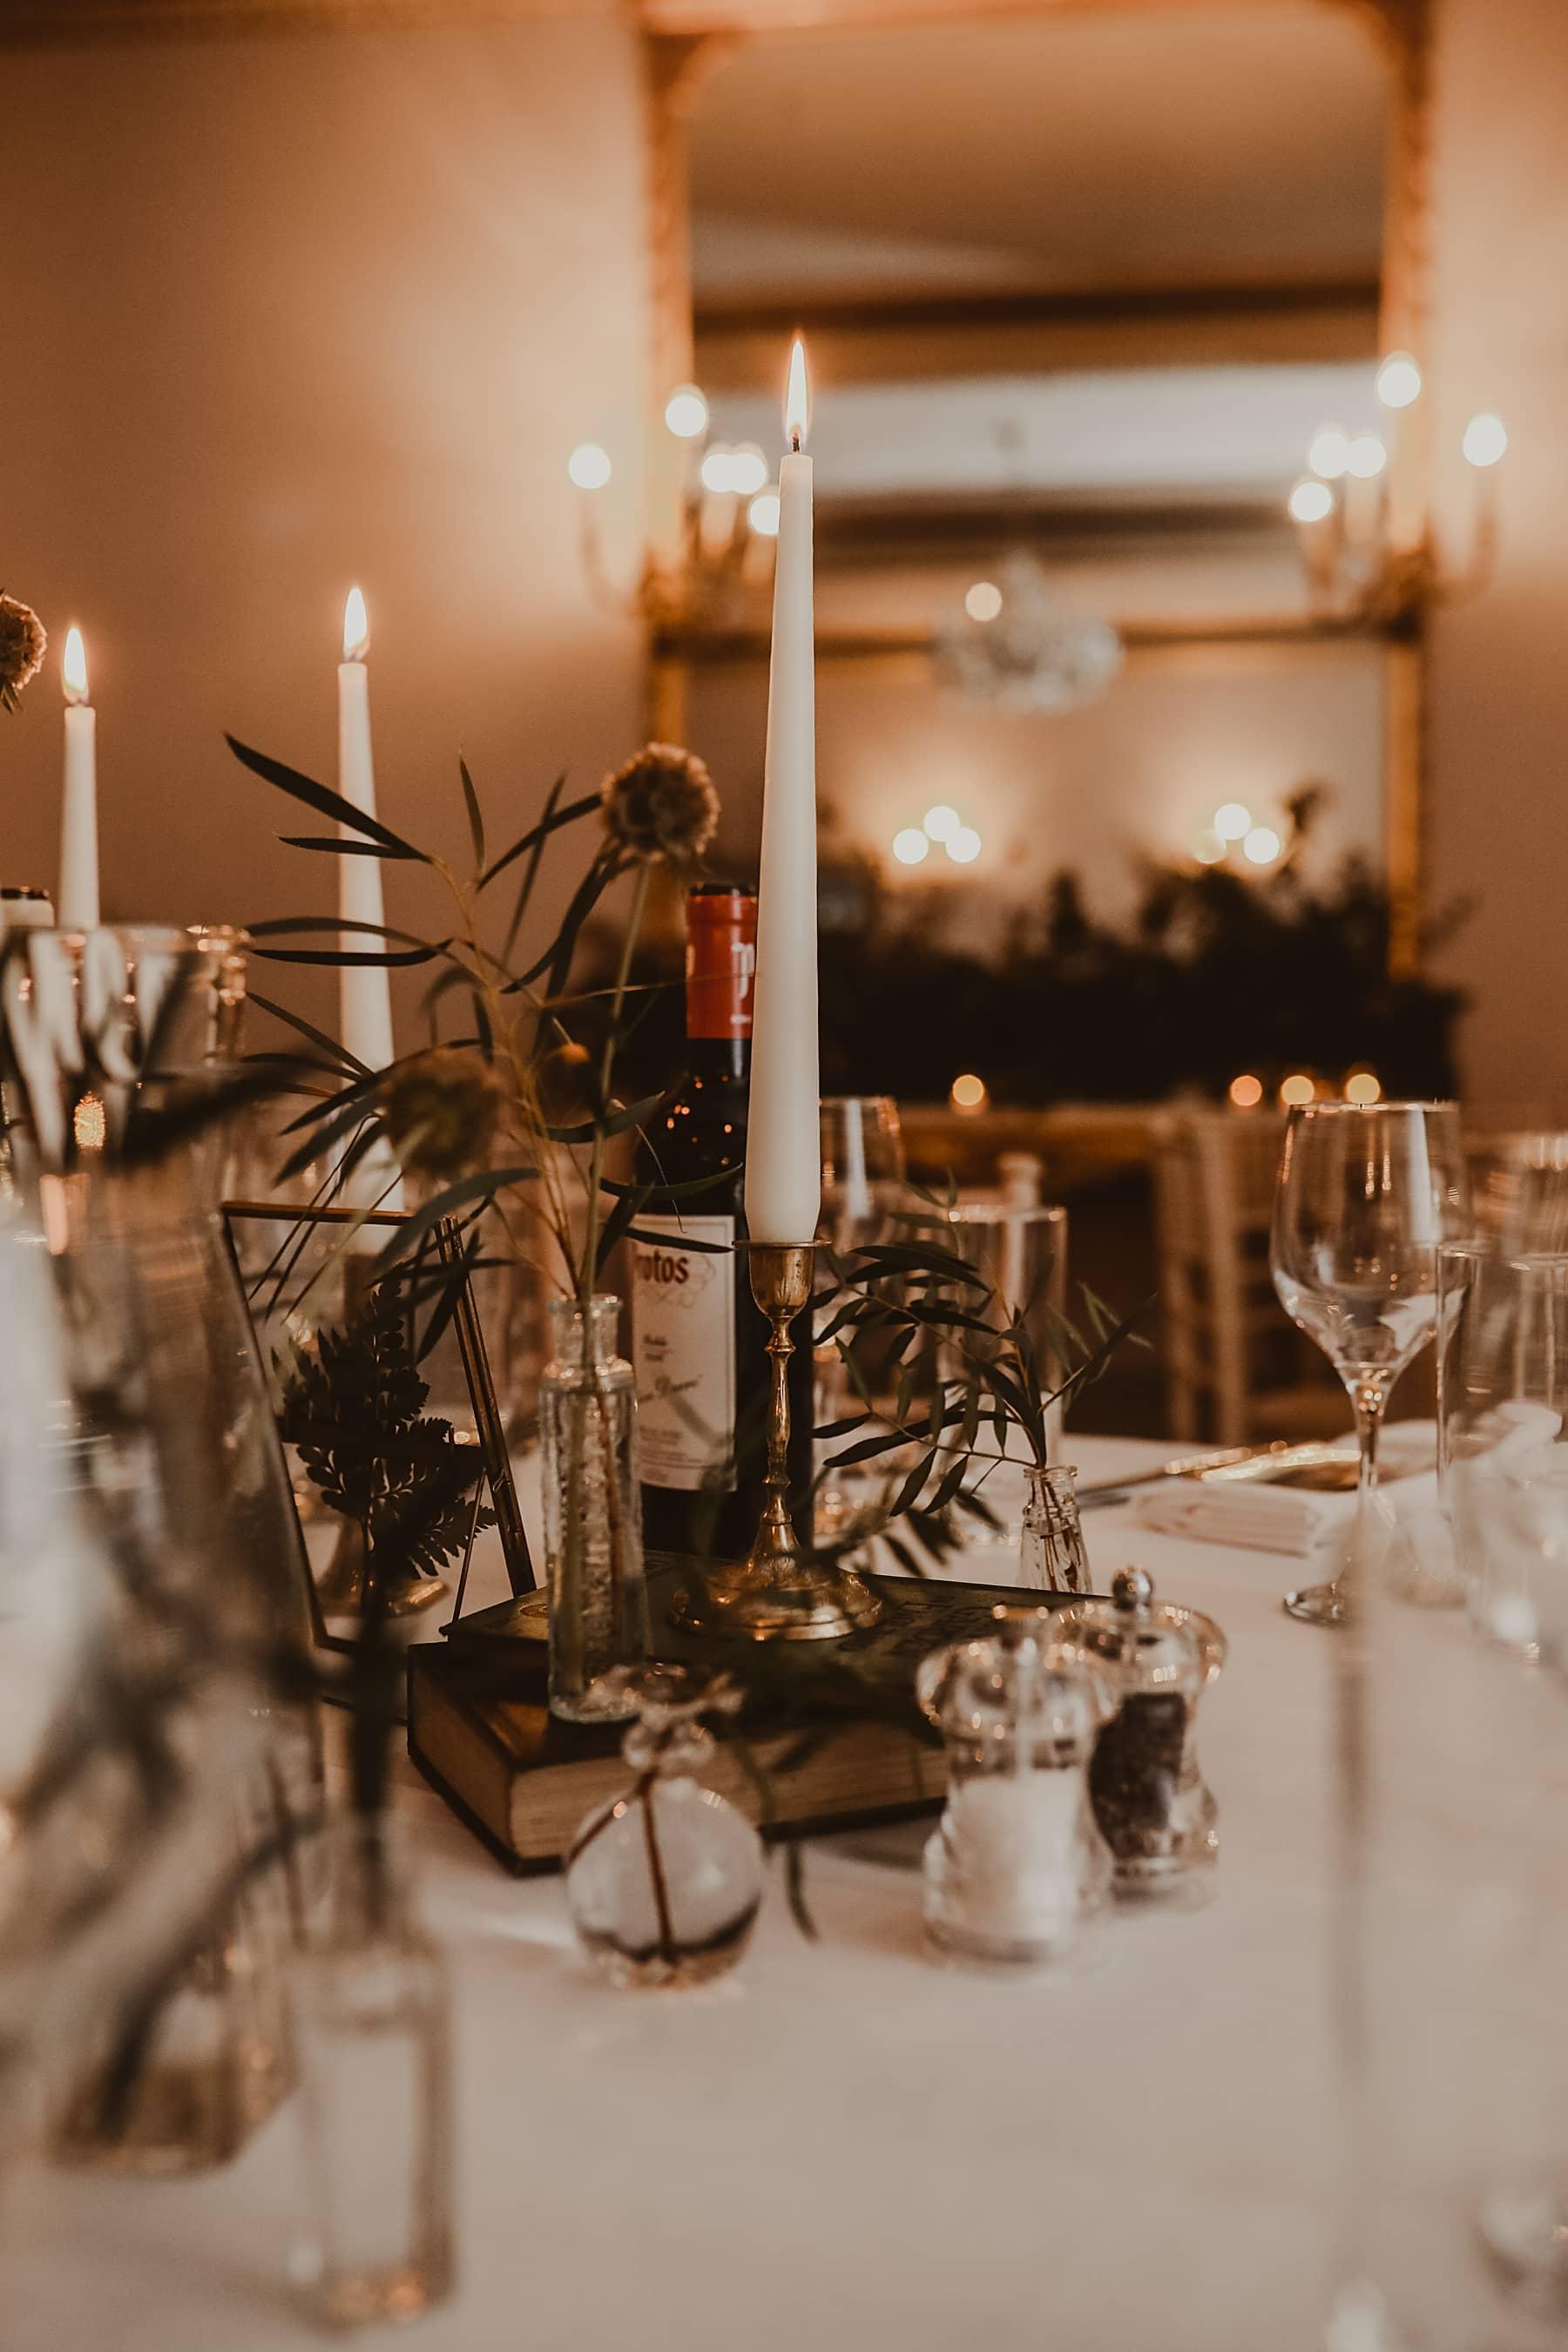 Candle lit details- Garthmyl Hall
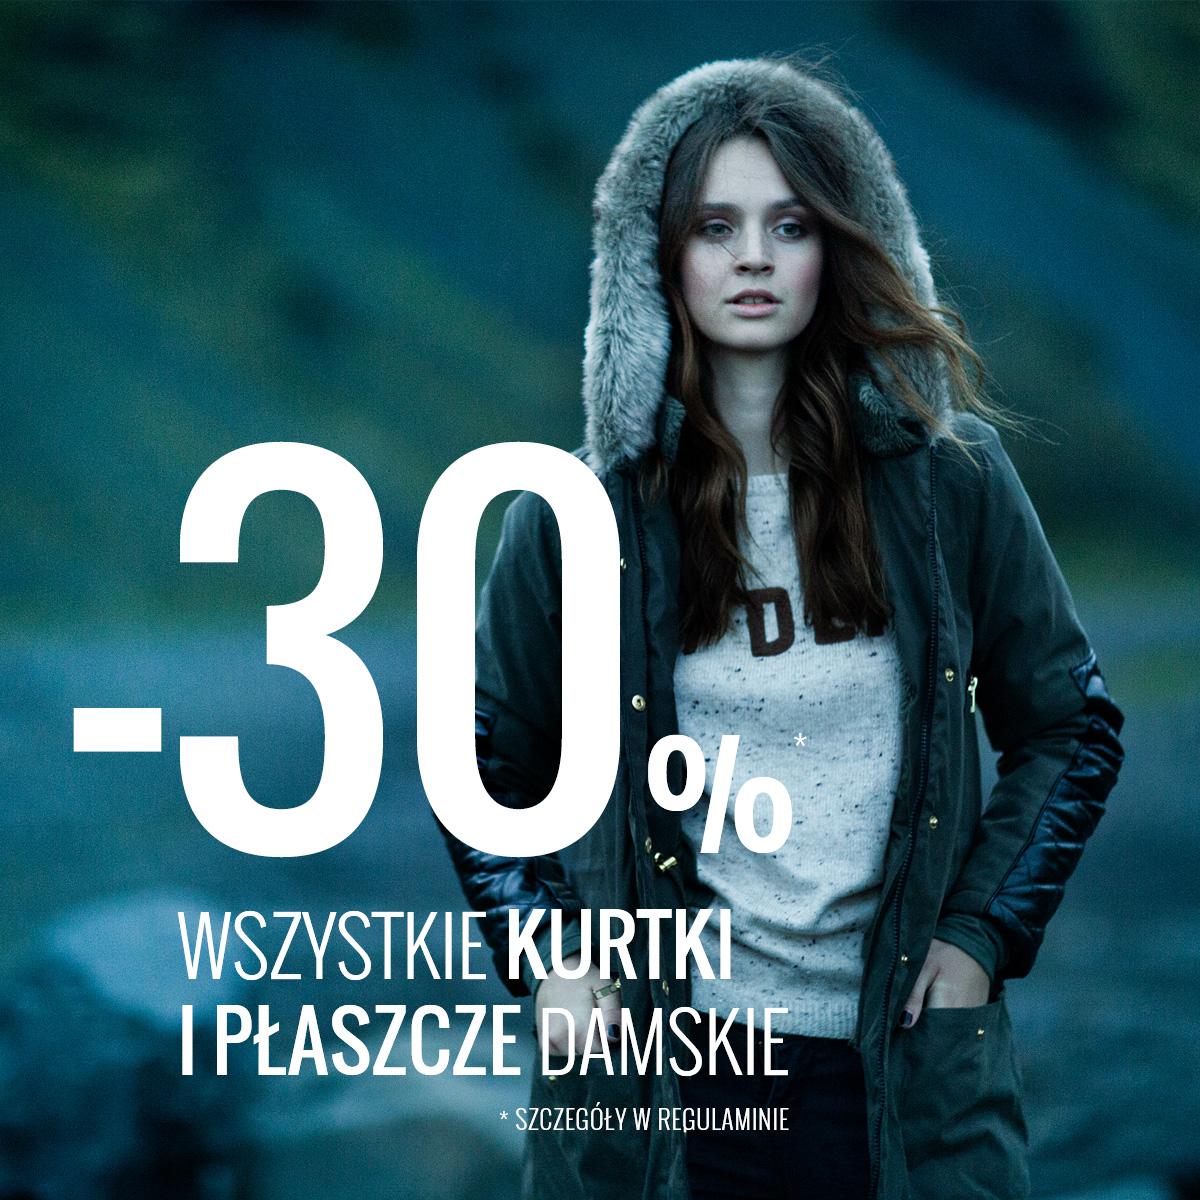 Kurtki i płaszcze damskie 30% taniej @ House
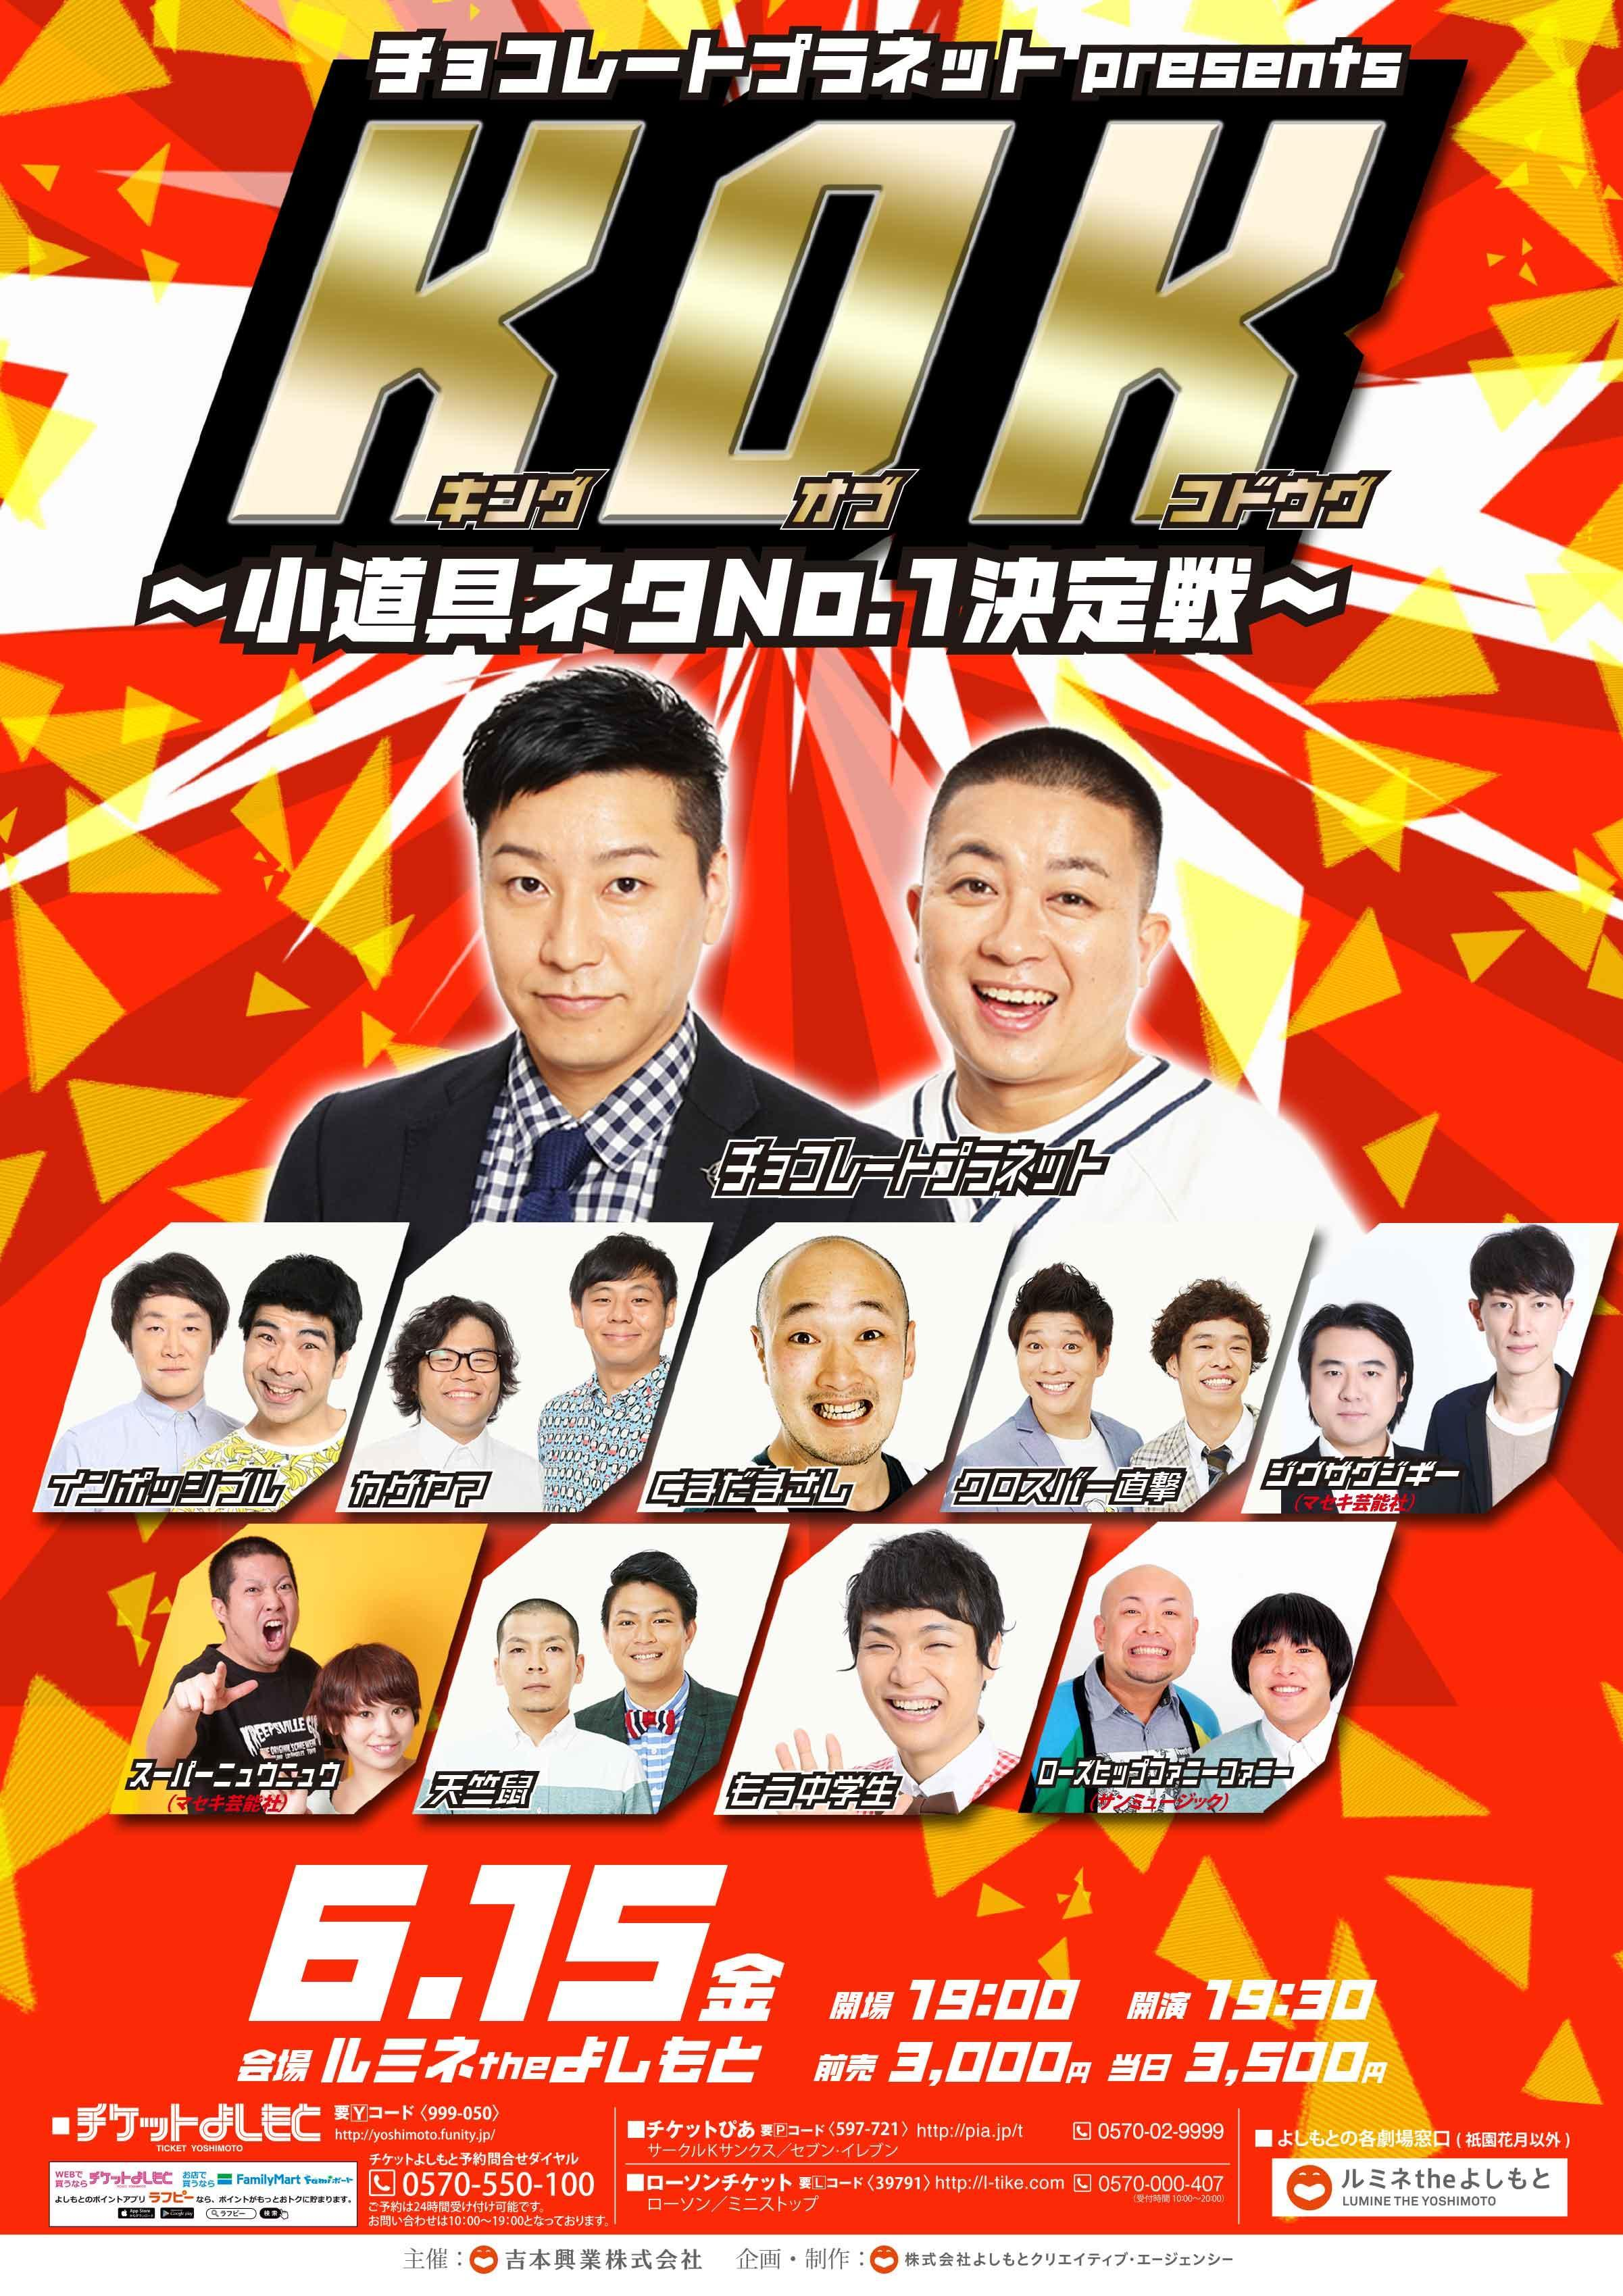 http://news.yoshimoto.co.jp/20180524184753-9894cc63a9d57554afcd8a7246c11c34c779b848.jpg

Brief = Only the lines from the one containing "Kurtki i płaszcze damskie 30% taniej @ House" through the last line of the material are to be restated word for word; no picture is to be included.

Task output =
 Kurtki i płaszcze damskie 30% taniej @ House
 http://news.yoshimoto.co.jp/20180524184753-9894cc63a9d57554afcd8a7246c11c34c779b848.jpg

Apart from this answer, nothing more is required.